To date, few would describe their voice-control experiences as “natural”. In fact, the early iterations of voice-control are symbolized by funny and frustrating mistakes, where even the calmest people with the most recognizable accents are left screaming “no Alexa, That’s not what I said”. However, alongside voice-recognition improvements, new features are emerging that allow devices to gauge your mood and meaning by the tone of your voice.
“As customers continue to use Alexa more often, they want her to be more conversational and can get frustrated when Alexa gets something wrong,” Amazon wrote in a blog post announcing new tone recognition features. “When she recognizes that you’re frustrated with her, Alexa can now try to adjust, just like you or I would do.”
Human-to-human conversation isn’t perfect but it is natural to us. It seems that ‘what you or I would do’ is the ultimate goal of this new generation of voice-control systems. Last year, Amazon introduced a feature that prompts Alexa to respond quietly if a command is whispered to it. “It’s magical when you walk in late to your bedroom and your wife is asleep,” Rohit Prasad, chief scientist for Alexa, said in an interview with OneZero. “Of course, the cost of a mistake is very high there,” he added.

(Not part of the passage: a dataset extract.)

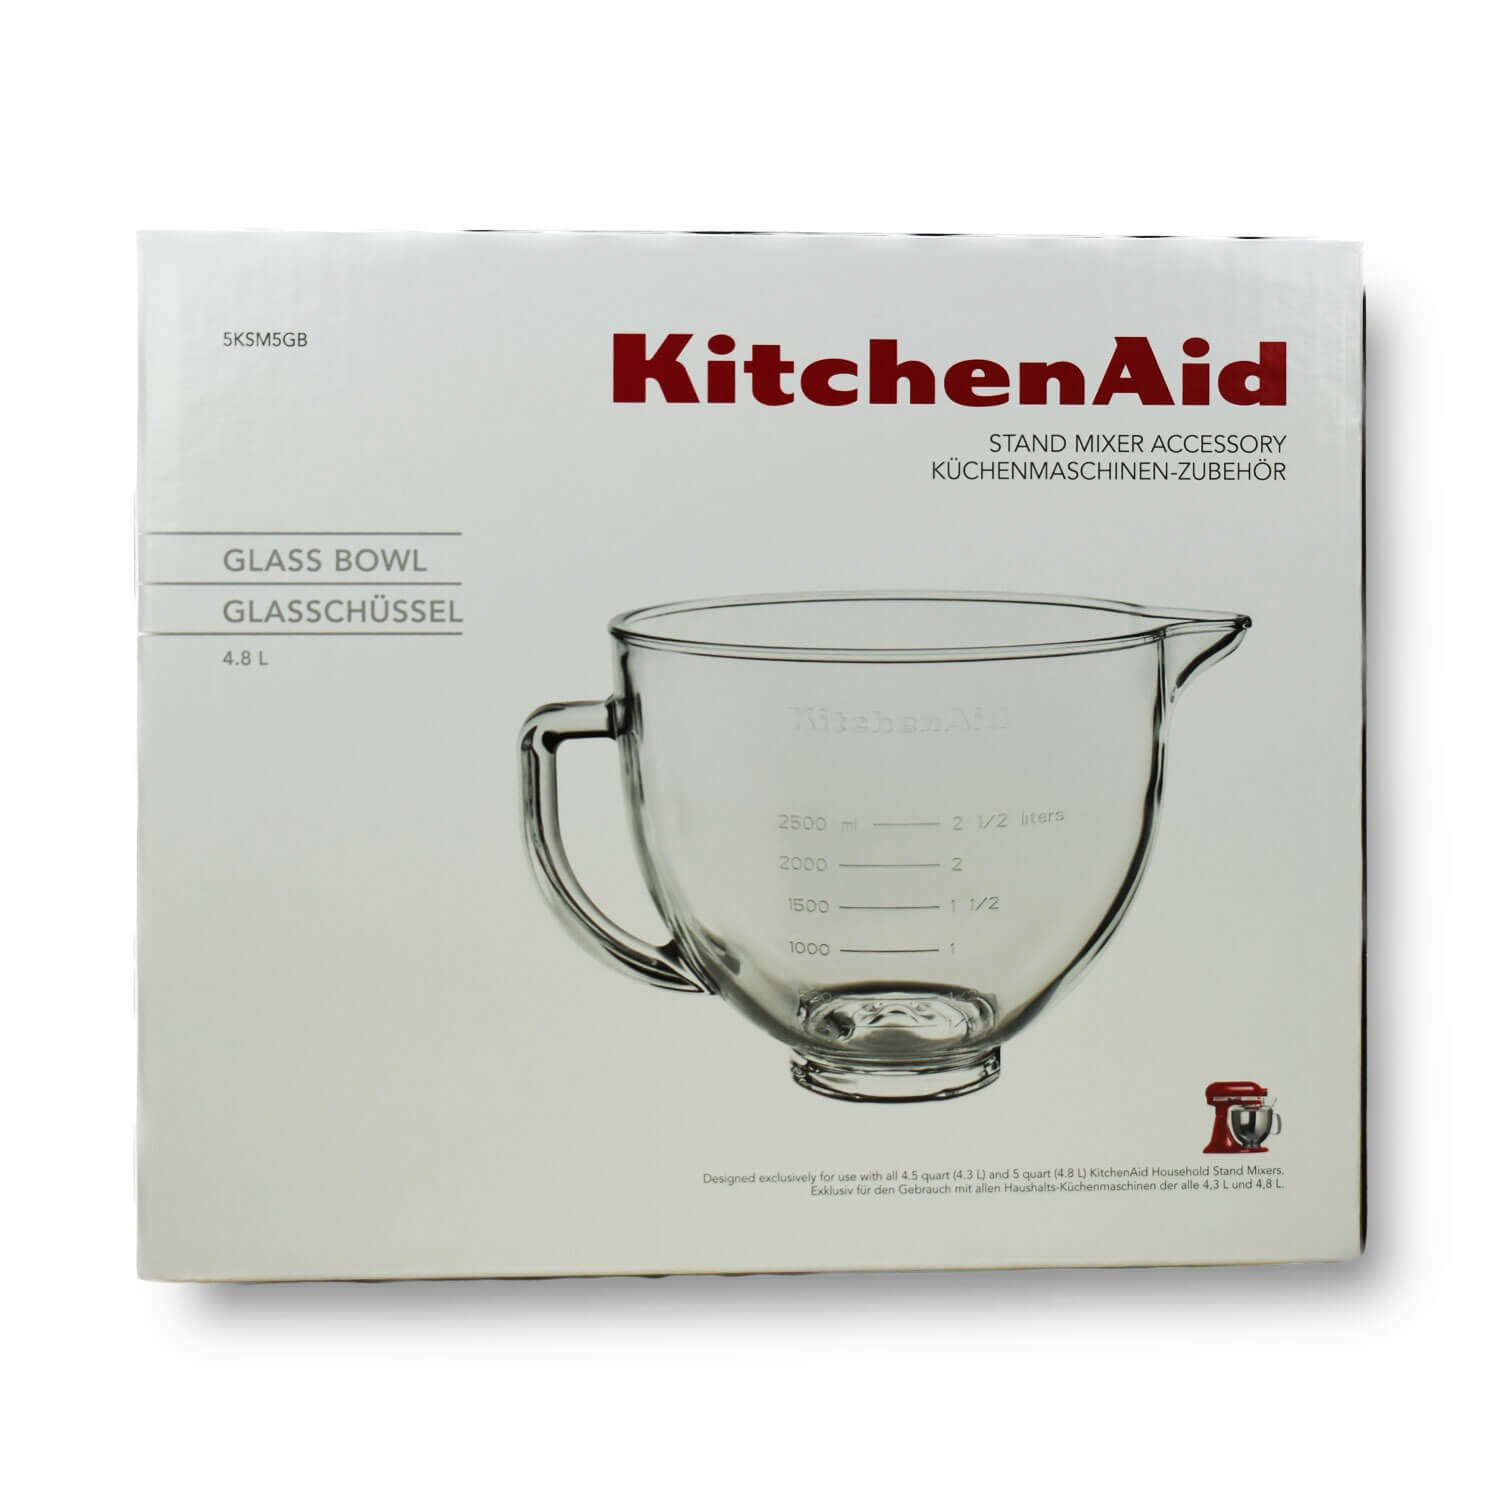 Stand mixer bowl 4,83 l 5KSM5GB, glass, KitchenAid

For the user, this will seem like the assistant just understands you better, more like a human would. Behind the scenes, however, Amazon has created two additional deep neural networks to better analyze your voice, beyond the ones used to decipher your command. One network aims to recognize words that indicate frustration, such as “no” or “stop”, while the other will analyze the tone of your voice. “The tonality is a big feature. You could have said yes [in response to Alexa], but be sarcastic, right?” says Prasad.
While the ability to speak sarcastically to Alexa and her counterparts is appealing, it is just the tip-of-the-tongue for what voice-tone recognition can provide. In the healthcare sector, Toronto-based startup Winterlight Labs is training the technology to determine signs of dementia and other mental illnesses. While many major hotel chains see voice-integration as a way to fight back against the Airbnb travel-accommodation trend that has already gained 20% of the lodging market.
Just as touchscreens have emerged to largely replace the now old-fashioned keyboards and mice to enable more user-friendly mobile devices, voice now promises to be the new normal for human-machine interaction in the built environment. No need to walk across the room or pull a device out of your bag/pocket, with voice-control you can just ask for what you want and with new advances in the technology the systems should understand what you really mean, just like a human would.
The continued evolution of voice seems the inevitable next step in making human-machine communication more natural for the user. While voice still has limitations they will quickly reduce as systems continue to improve. Looking forward, we should expect voice-control to co-exist with touchscreens and keyboards for their various applications until machines learning improves to understand what we’re thinking.